After an investigation headed by Associate Attorney General Kevin O’Connor, four international airlines have agreed to a plea deal for charges of price-fixing cargo costs and fleecing companies of millions, which in turn have cost consumers hundreds of millions of dollars in increased prices. The plea deal settlement, which contained a total of $504 million in fines, named Air France and KLM Royal Dutch Airlines, Cathay Pacific Airways Ltd., Martinair Holland and SAS Cargo Group as the airline conspirators according to the Department of Justice.
O’Connor stated in a June 26 conference that “this investigation focuses on a conspiracy involving a number of the world’s largest airlines to manipulate air cargo transportation costs through a multi-year price fixing scheme,” and went on to not that “the conspiracy, conservatively, has affected billions of dollars in shipments.”

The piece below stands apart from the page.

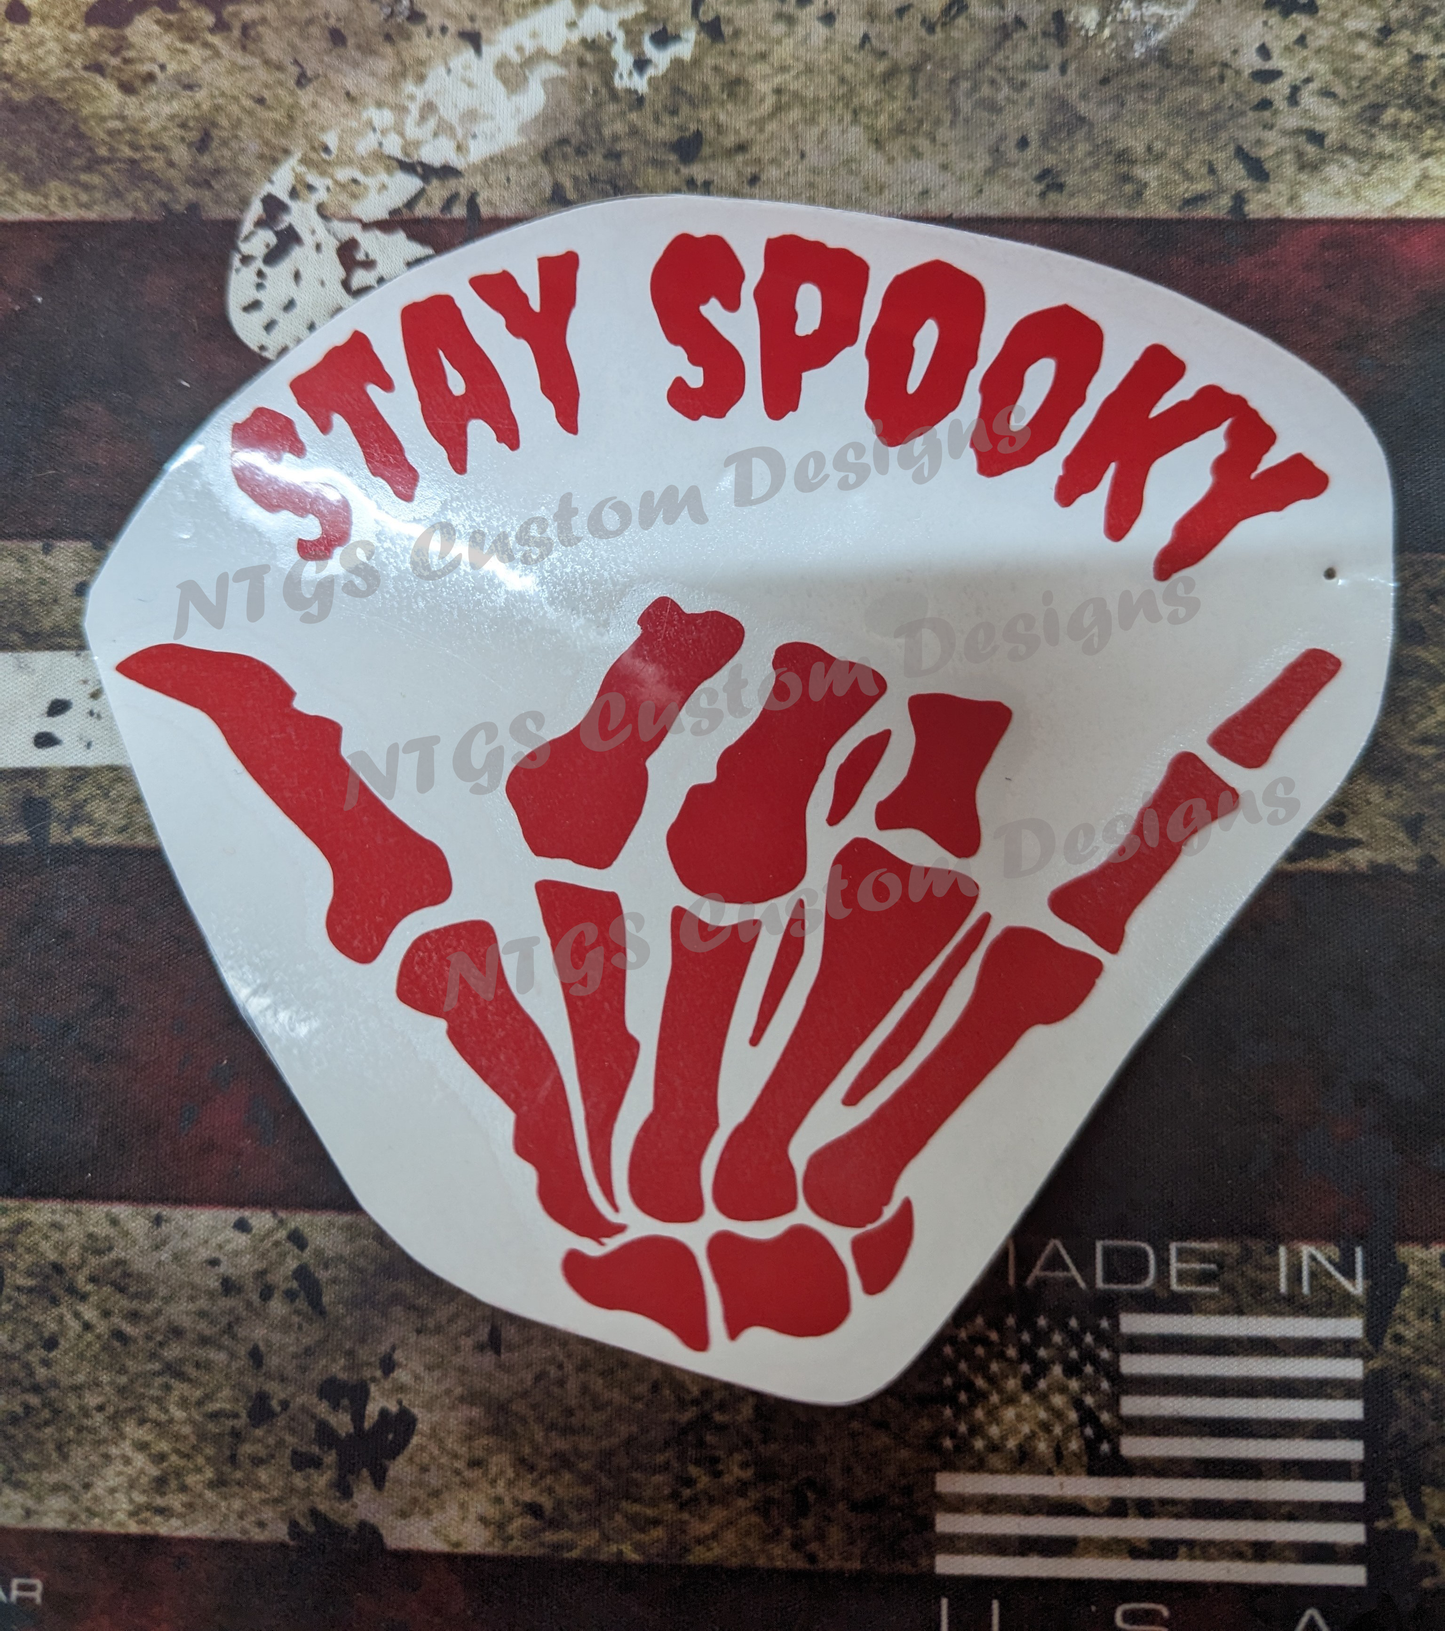 Stay Spooky!

Justice Department spokeswoman Gina Talamona said that under the plea deal the airlines were not obligated to notify which shippers had been cheated. She added that any produce companies, which were a prime target in this price-fixing conspiracy, who hoped to recoup money should take part in one of several class action lawsuits that have already been filed.
Shippers will not be able to file claims against the $504 million, which is set to be added to a crime victims’ fund that supports almost 2,500 victim assistance programs.